[[ RECORDS FOR PROCESSING open ]]

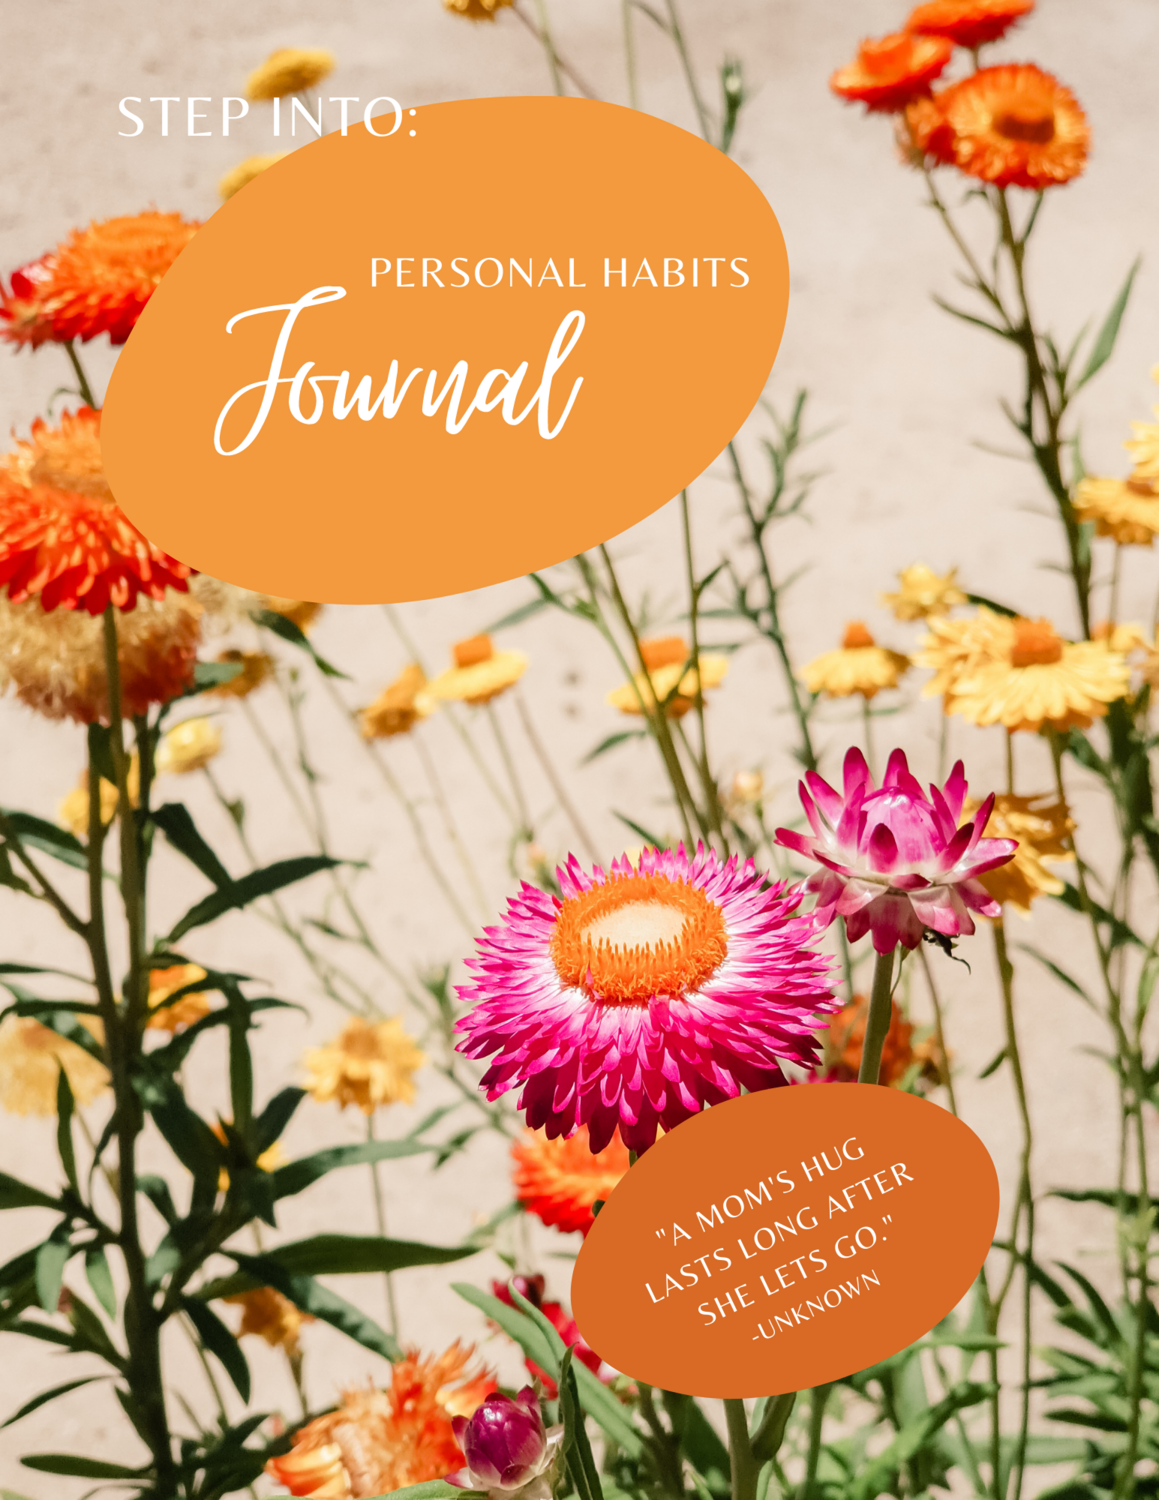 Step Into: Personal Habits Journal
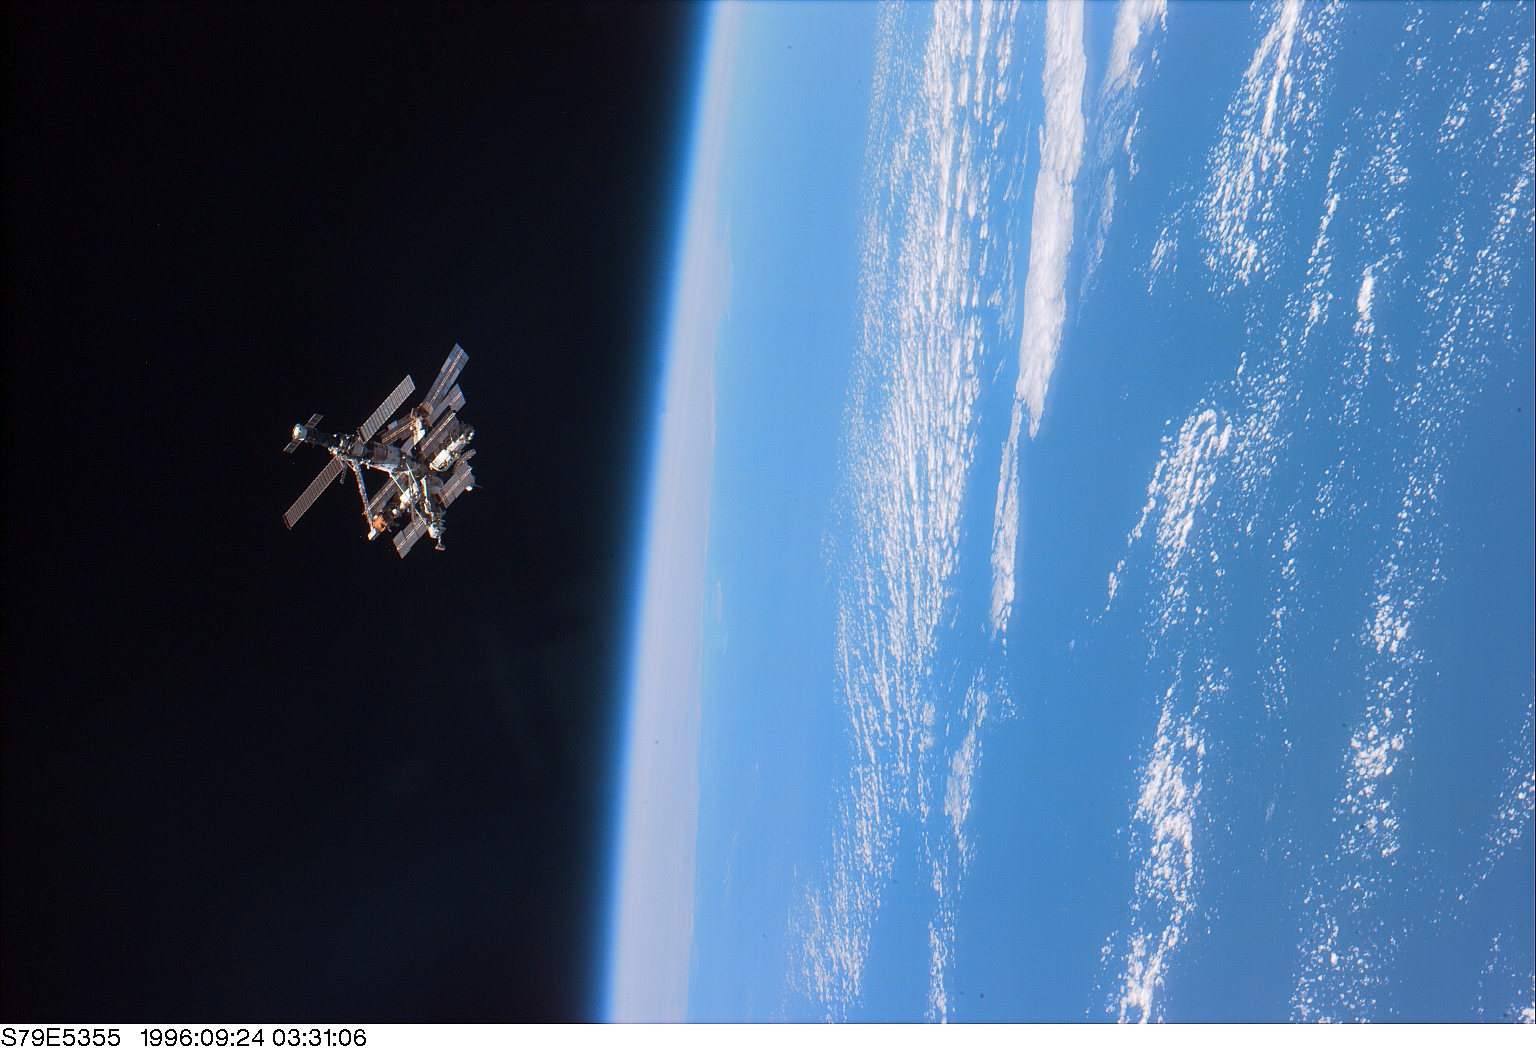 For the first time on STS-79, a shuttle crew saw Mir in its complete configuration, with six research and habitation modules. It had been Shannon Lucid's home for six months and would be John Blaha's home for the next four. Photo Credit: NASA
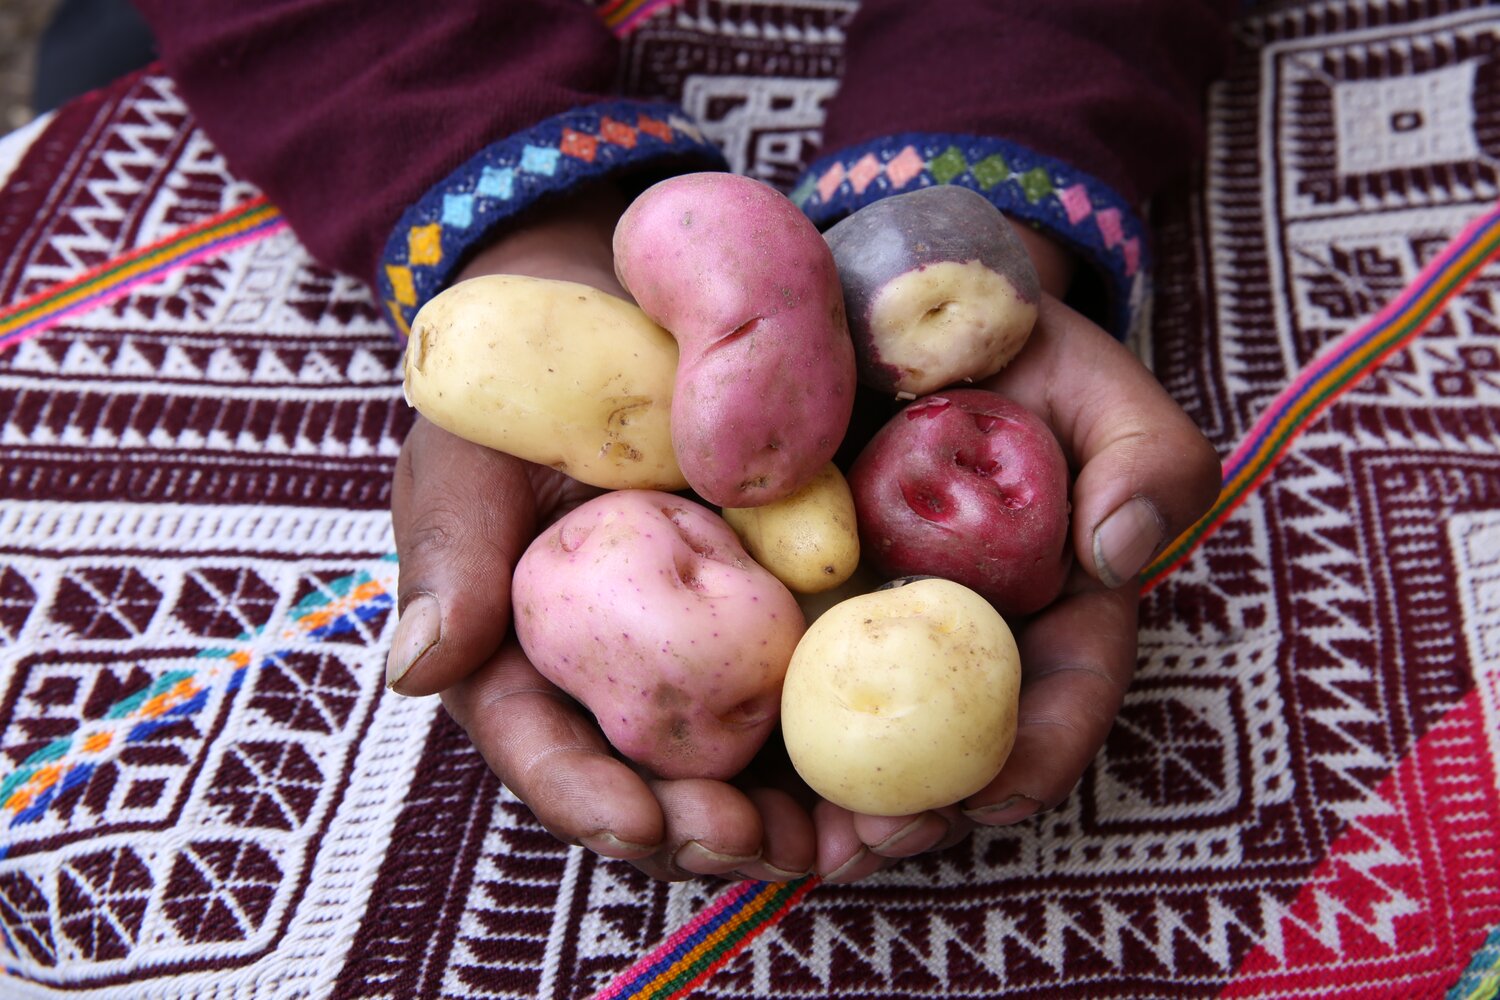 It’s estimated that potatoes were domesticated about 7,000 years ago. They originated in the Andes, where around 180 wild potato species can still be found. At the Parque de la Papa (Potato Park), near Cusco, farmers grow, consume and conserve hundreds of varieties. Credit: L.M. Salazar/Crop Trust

[[ RECORDS FOR PROCESSING closed ]]
[[ RECORDS FOR PROCESSING open ]]

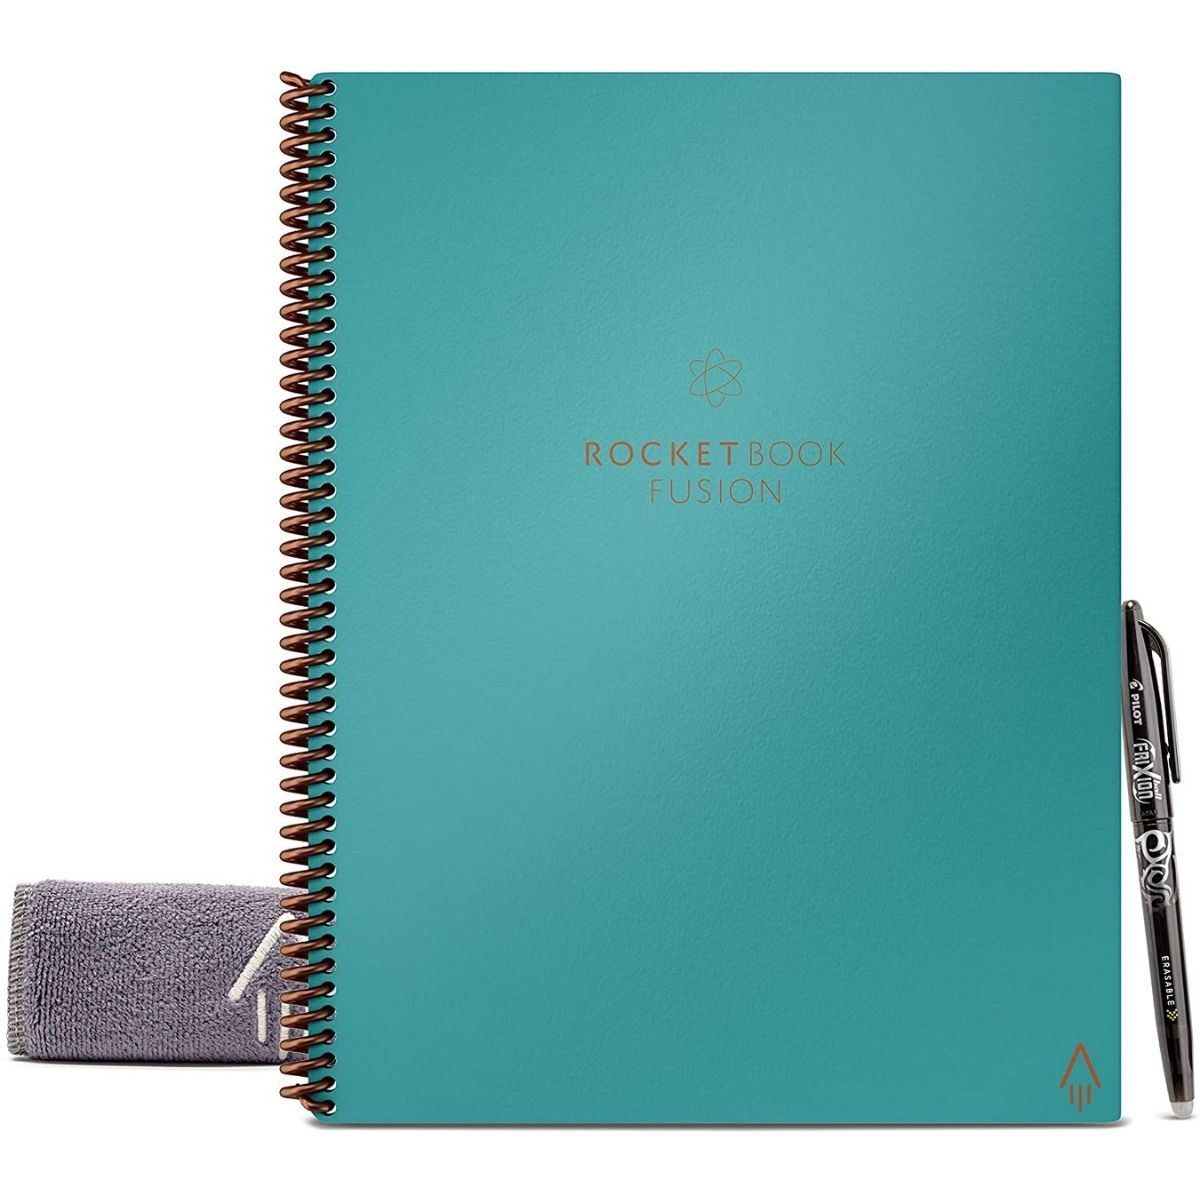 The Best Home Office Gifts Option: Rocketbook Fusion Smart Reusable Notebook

[[ RECORDS FOR PROCESSING closed ]]
[[ RECORDS FOR PROCESSING open ]]

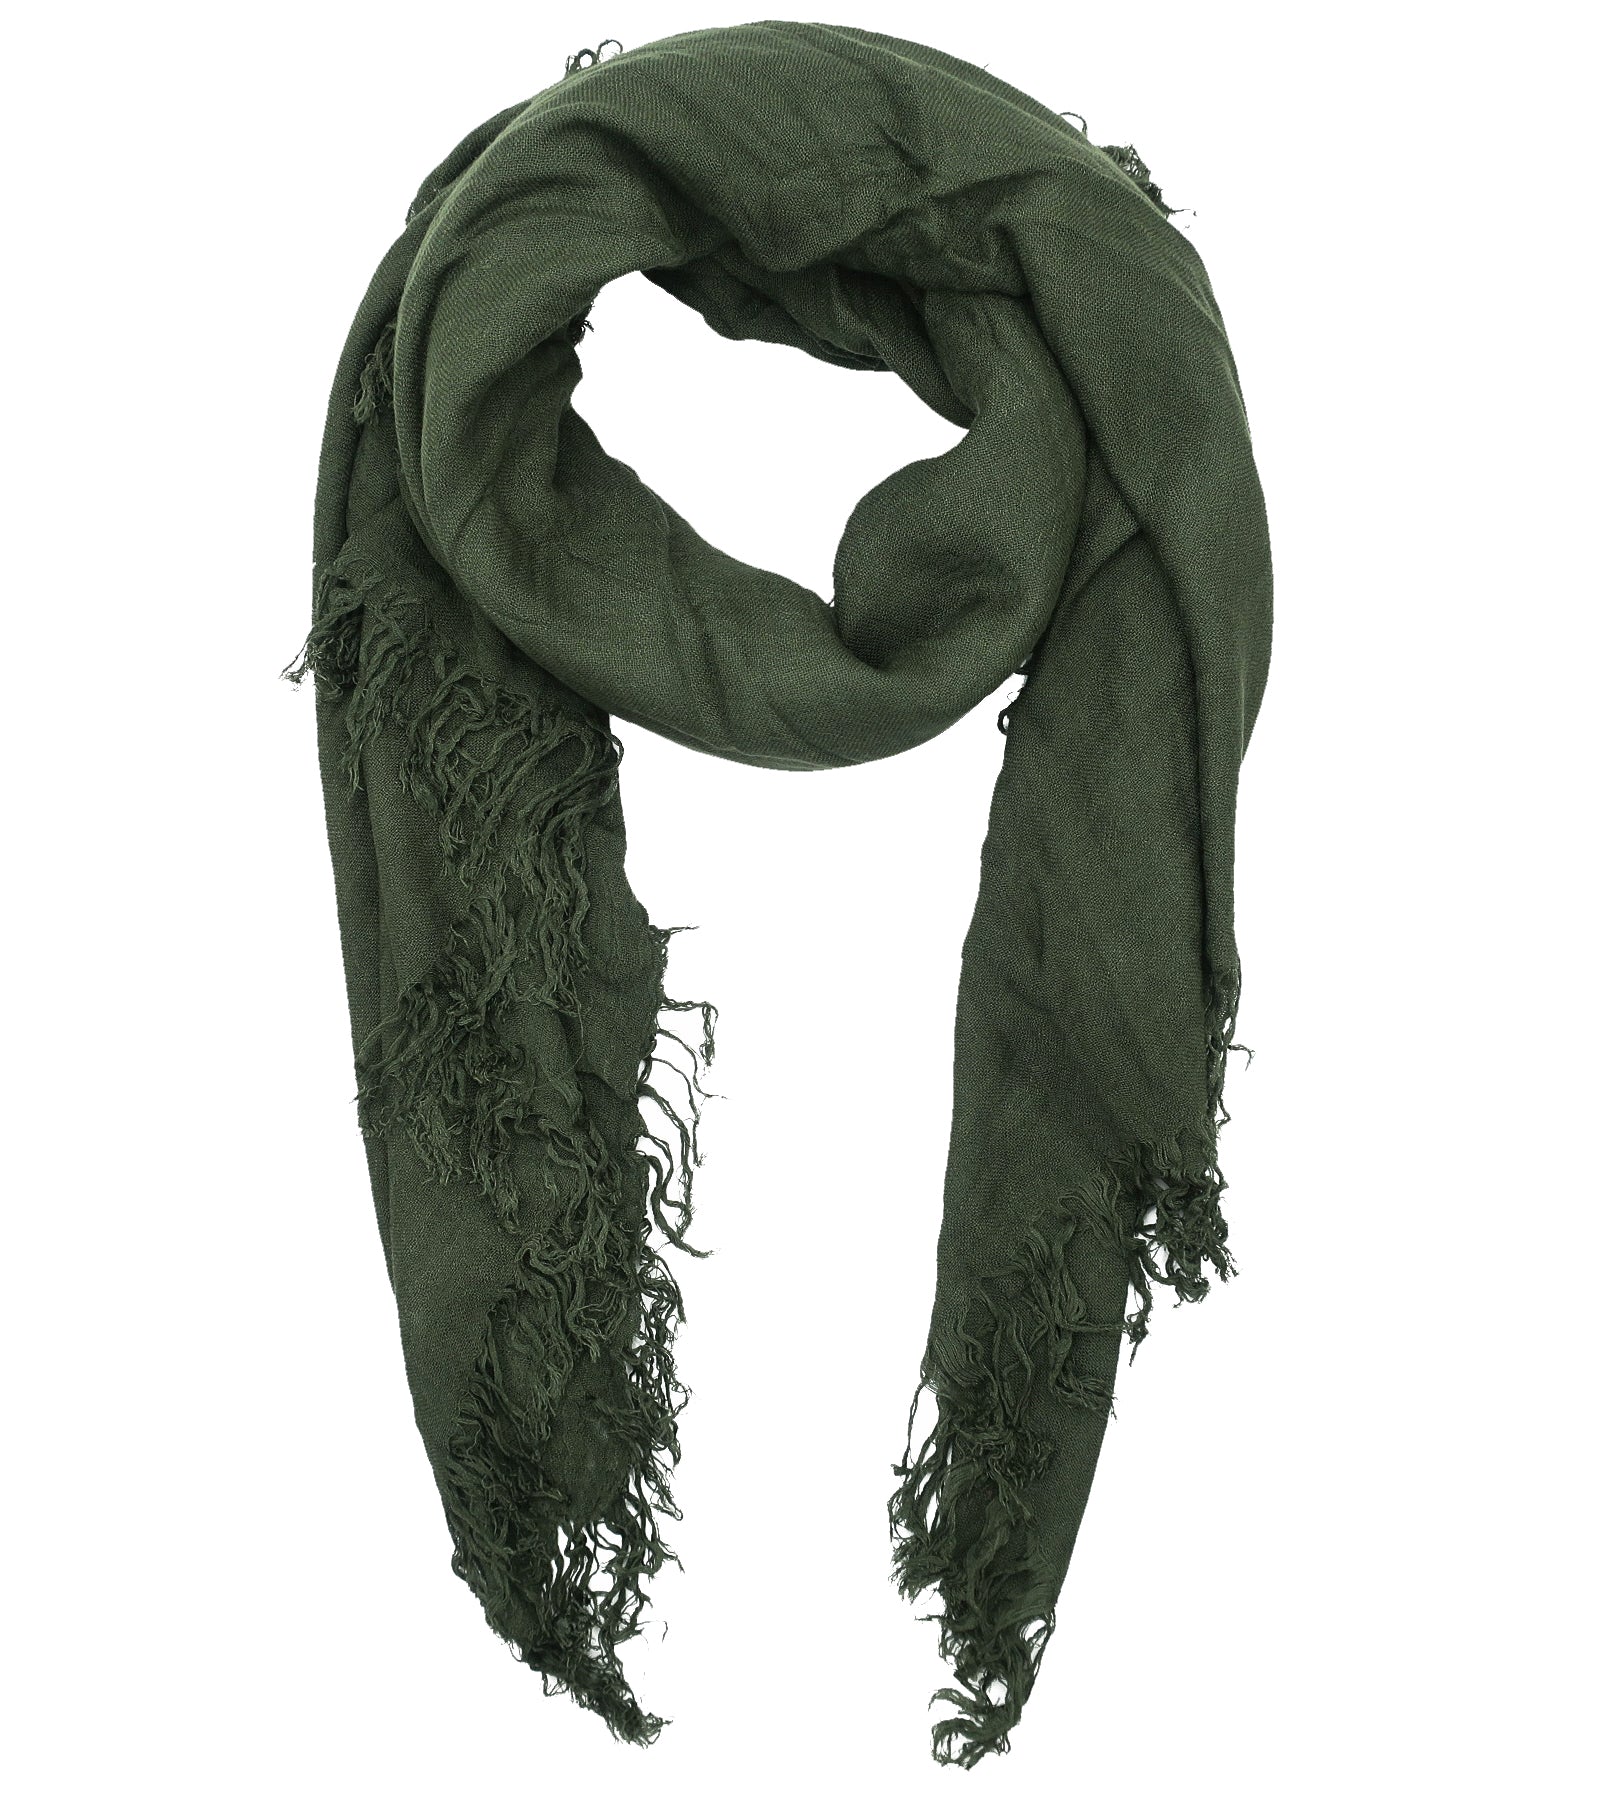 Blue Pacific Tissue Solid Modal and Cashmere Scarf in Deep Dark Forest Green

[[ RECORDS FOR PROCESSING closed ]]

▶ [TASK REQUIREMENTS]
Pictures aside, print exactly the lines above starting with the one containing "Step Into: Personal Habits Journal" and going on through the one containing "For the first".

▶ [RESULT FOR THIS EXERCISE]
 Step Into: Personal Habits Journal
 For the first time on STS-79, a shuttle crew saw Mir in its complete configuration, with six research and habitation modules. It had been Shannon Lucid's home for six months and would be John Blaha's home for the next four. Photo Credit: NASA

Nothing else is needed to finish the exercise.